Take rest,” said Ovid, “a field that has rested gives a bountiful crop.” I believe God meant something like this when he commanded us to rest one day a week. How many of us really do that, though? To be honest, for me, sometimes the rush of getting to the worship service and putting dinner on the table afterwards makes the day a dreaded chore rather than a welcome reprieve.

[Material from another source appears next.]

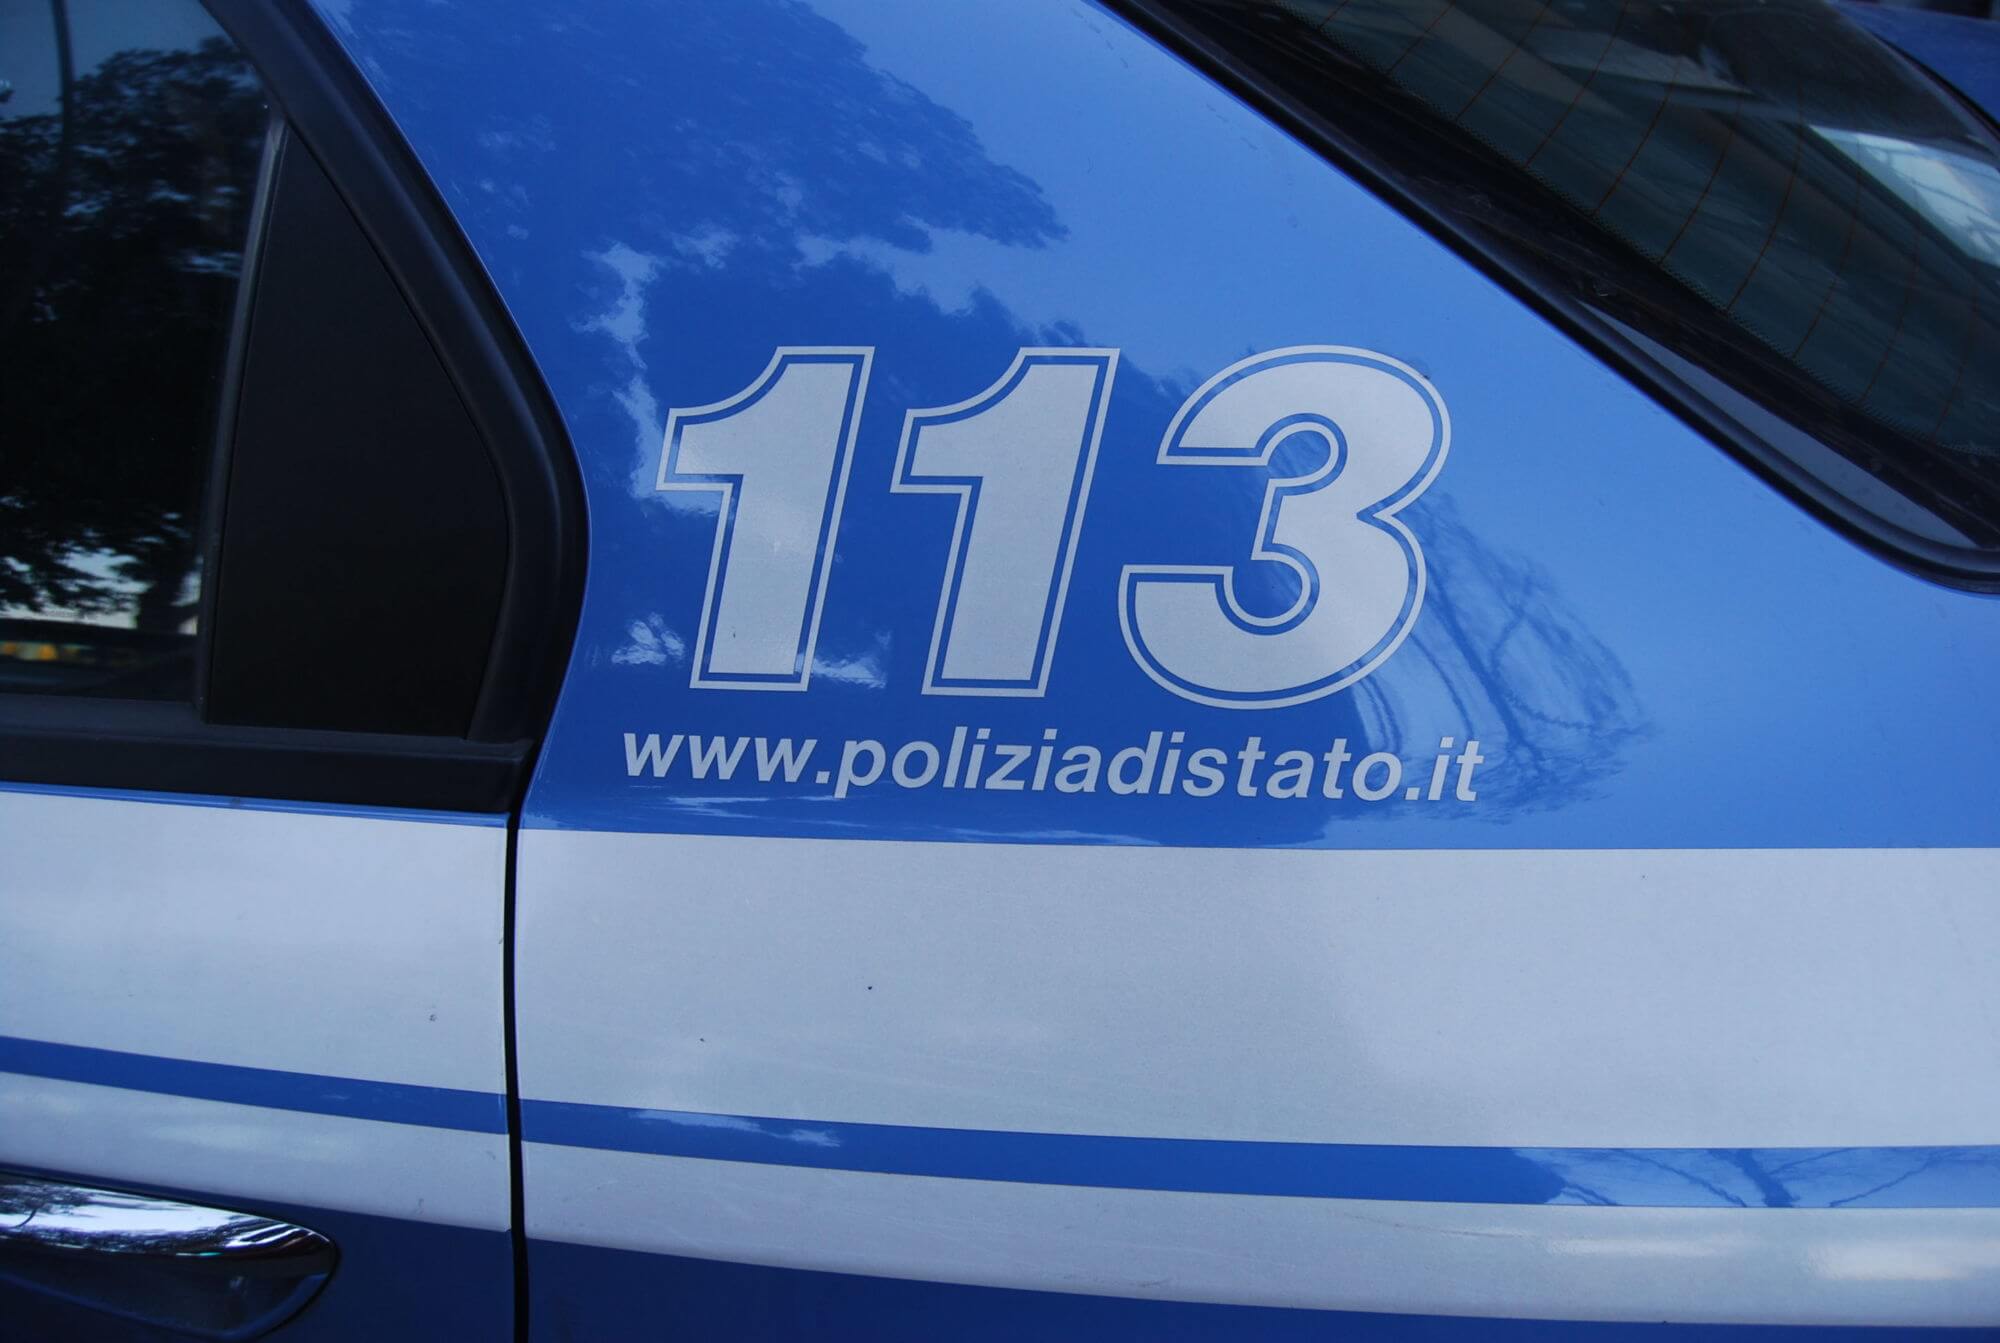 Trovata da un poliziotto libero dal servizio ragazza tedesca scomparsa a Cremona

Even Winnie-the-Pooh, one of the wisest characters I know, understands that we need to reach the end of that list at some point, as seen in the following advice from Pooh's Little Instruction Book, inspired by A.A. Milne
.

Don't underestimate the value of Doing Nothing, of just going along, listening to all the things you can't hear, and not bothering

But in our Puritan-inspired zeal to work hard, we forget that

"A life spent in constant labor is a life wasted, save a man be such a fool as to regard a fulsome obituary notice as ample reward." (George Jean Nathan)

Without rumination would we even notice the beauty in the world? I’m quite sure we would never imitate it in our art. Steven Halpern made an interesting observation about our modern-day need for stimulation and busyness:

“When Mozart was composing at the end of the eighteenth century, the city of Vienna was so quiet that fire alarms could be given verbally, by a shouting watchman mounted on top of St. Stefan's Cathedral. In twentieth-century society, the noise level is such that it keeps knocking our bodies out of tune and out of their natural rhythms. This ever-increasing assault of sound upon our ears, minds, and bodies adds to the stress load of civilized beings trying to live in a highly complex environment.”

I’m not sure if I actually believe the bit about our bodies being out of wack, but maybe there’s something to it. Think about most of the sounds God created: the whine of a cricket (or a horde of them), the sound of moving water (or an ocean), even an angry shout – none of them can be heard over the average decibel of most audio equipment. Were our bodies designed to hear anything louder than the relatively short thunderstorm or even a room full of people shouting?

Don’t get me wrong; I grew up in the 70’s and like amplified music as much as today’s teens, but there is still something in my soul that needs to hear nothing more than the sounds of nature – at least once in a while.

So I will revel in my recognition that it is good to be still. When my daughter is grown, she will probably not remember how many times a month I vacuumed but she will remember the times we laid together on my bed, making her stuffed animals talk in funny voices.

It’s good to be in the company of so many others who recognized that ticking off items on a “to do” list is not the reason we were put on this earth.

Saturday, July 12, 2008

Books

I have quite a collection of quotes about books. Do any of these strike you, too?

"I am a part of all I have read."
- John Kieran

To that quote, I'll add one of my own:
"All I have read has become a part of me."
-Karyn Campbell

"People read to know they're not alone."
- A quote from the movie, "Shadowlands"
The movie is about C.S. Lewis, but I don't think he wrote that quote. Doesn't matter. It's a good one.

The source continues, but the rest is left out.